# any else watching china market



## D"artagnan (Nov 18, 2012)

after reading articals from other prep sites 
china seems to be not that far behind us
esp if they own most of our debt


----------



## survival (Sep 26, 2011)

You are exactly right. We are "owned" by them.


----------



## jgriner (Nov 27, 2012)

is china going into the crapper?


----------



## sbasacco (Sep 10, 2012)

ya the problem is wait till they get into trouble and then try to cash in on their American debt...where is the money coming from?...the US will not print more money as to devalue the dollar world wide, and there is no gold in the treasury either...that is a good time to say that shtf!!


----------



## D"artagnan (Nov 18, 2012)

Chang: Chinese Aggression Could Spark Military Conflict 
Everything about Asia, China, Japan, Thailand, South Pacific, Korea, North Korea and more at Lignet.com Asia.-


----------



## AquaHull (Jun 10, 2012)

That's where the 200 million man army will come from.
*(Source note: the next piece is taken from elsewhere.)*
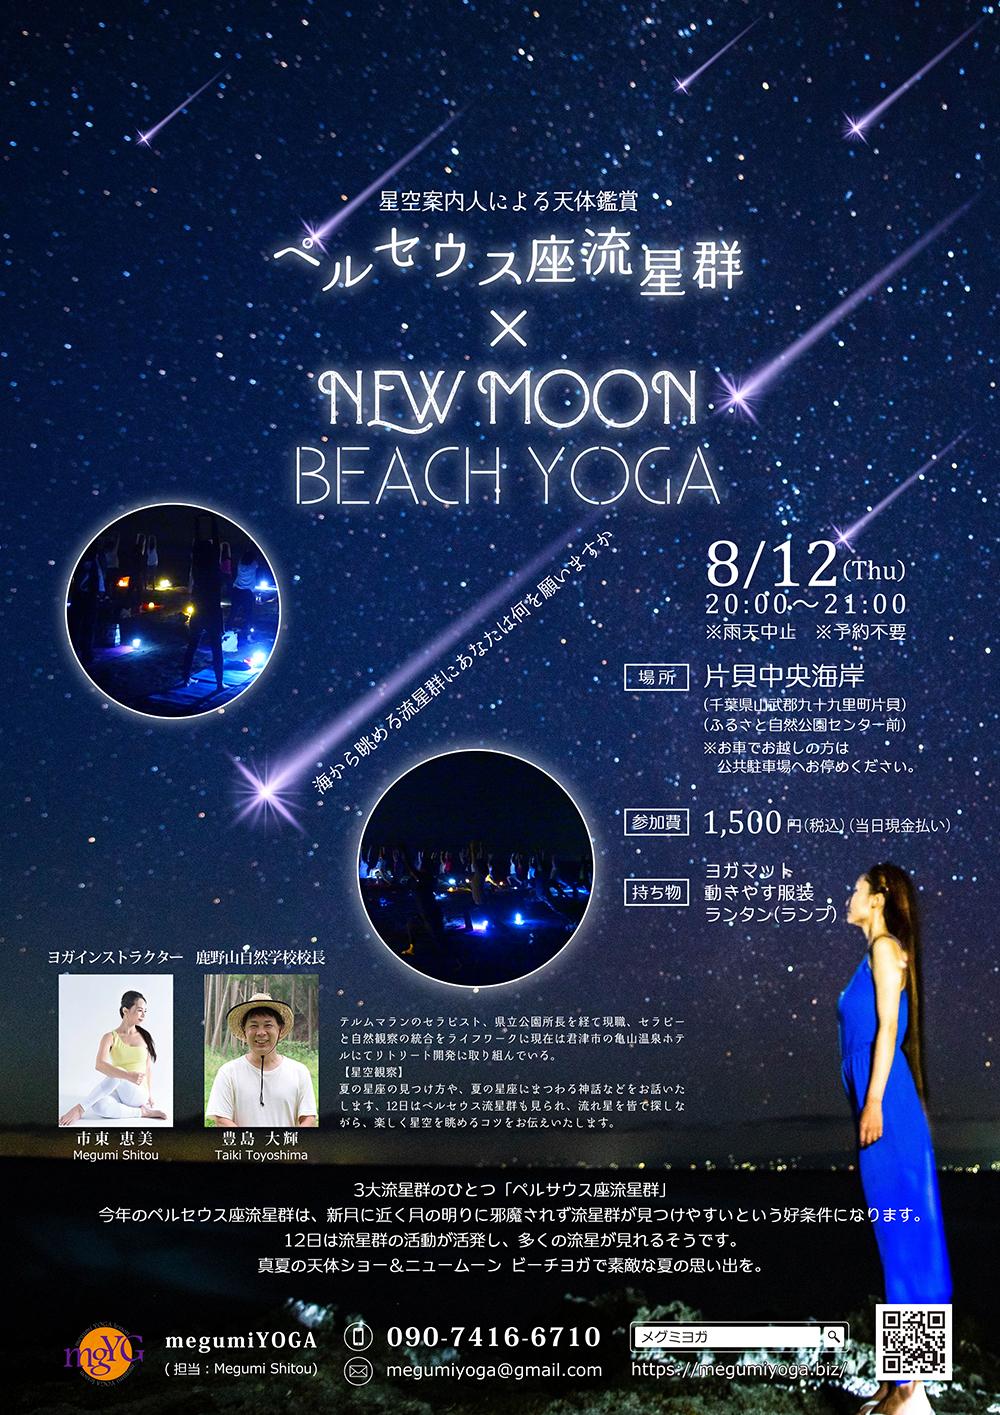 ペルセウス座流星群 × NEW MOON BEACH YOGA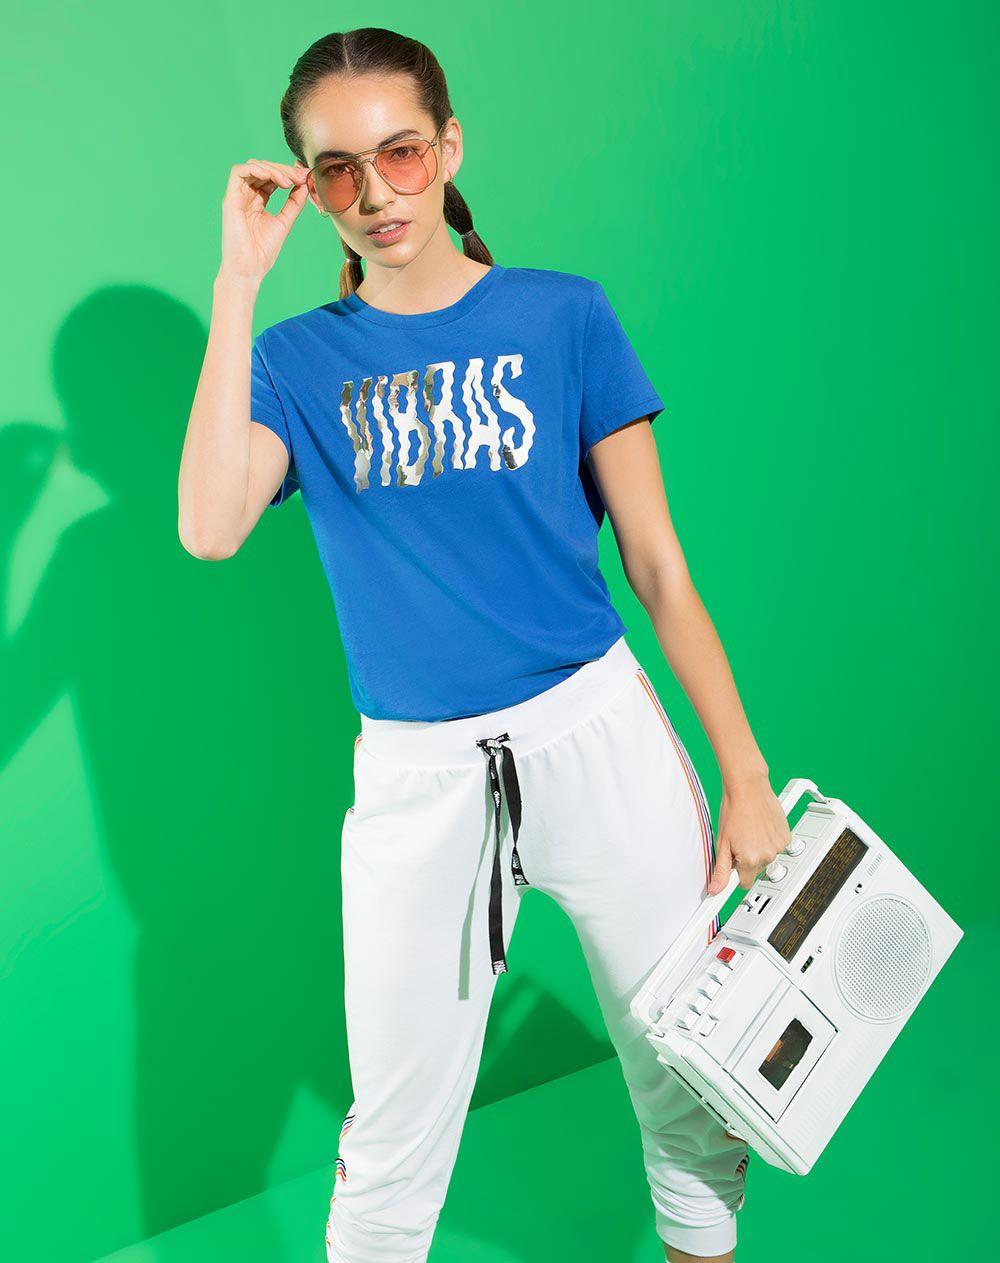 d66f281f1315 Camiseta para Mujer Bumbum Azul Rey Gef   Moda J balvin   Azul rey ...

Don't forget that Russia is an Asian nation also.


----------



## Not Crazy Yet (Nov 11, 2012)

D"artagnan said:


> they own most of our debt


Technically I guess you're right, they own a little over 5 trillion dollars of our 16 trillion dollar debt. So in total they don't, but that other 11 trillion is our debt, so technically they "own us" as far as international countries who hold the most debt, but the real problem is our own debt that we hold, which can't be fixed when the government keeps spending money it doesn't have, and raises taxes on its citizens.


----------



## jgriner (Nov 27, 2012)

sbasacco said:


> ya the problem is wait till they get into trouble and then try to cash in on their American debt...where is the money coming from?...the US will not print more money as to devalue the dollar world wide, and there is no gold in the treasury either...that is a good time to say that shtf!!


we are already printing money as fast as we can, its the only way we can repay our debt, make our dollar worth pennies, compared to their dollar.

Just wait until our creditors start demanding repayment in gold, no way to devalue that, then we are all screwed.


----------



## S.E.IllUSA (Dec 1, 2012)

Not Crazy Yet said:


> Technically I guess you're right, they own a little over 5 trillion dollars of our 16 trillion dollar debt. So in total they don't, but that other 11 trillion is our debt, so technically they "own us" as far as international countries who hold the most debt, but the real problem is our own debt that we hold, which can't be fixed when the government keeps spending money it doesn't have, and raises taxes on its citizens.


Could someone please bring me up to speed on this? How does China own 5 trillion dollars of our debt? How does that come to be?


----------



## HoJo (Nov 8, 2012)

S.E.IllUSA said:


> Could someone please bring me up to speed on this? How does China own 5 trillion dollars of our debt? How does that come to be?


----------



## S.E.IllUSA (Dec 1, 2012)

HoJo said:


>


They never asked me if they could do that! WTF!!


----------



## jgriner (Nov 27, 2012)

S.E.IllUSA said:


> Could someone please bring me up to speed on this? How does China own 5 trillion dollars of our debt? How does that come to be?


Years and years of liberal cradle to grave government teat. We no longer teach people to fish, but just give free fish. This creates a permanent class of dependent voting blocks will to selling there soul to any one promising to give them more teat.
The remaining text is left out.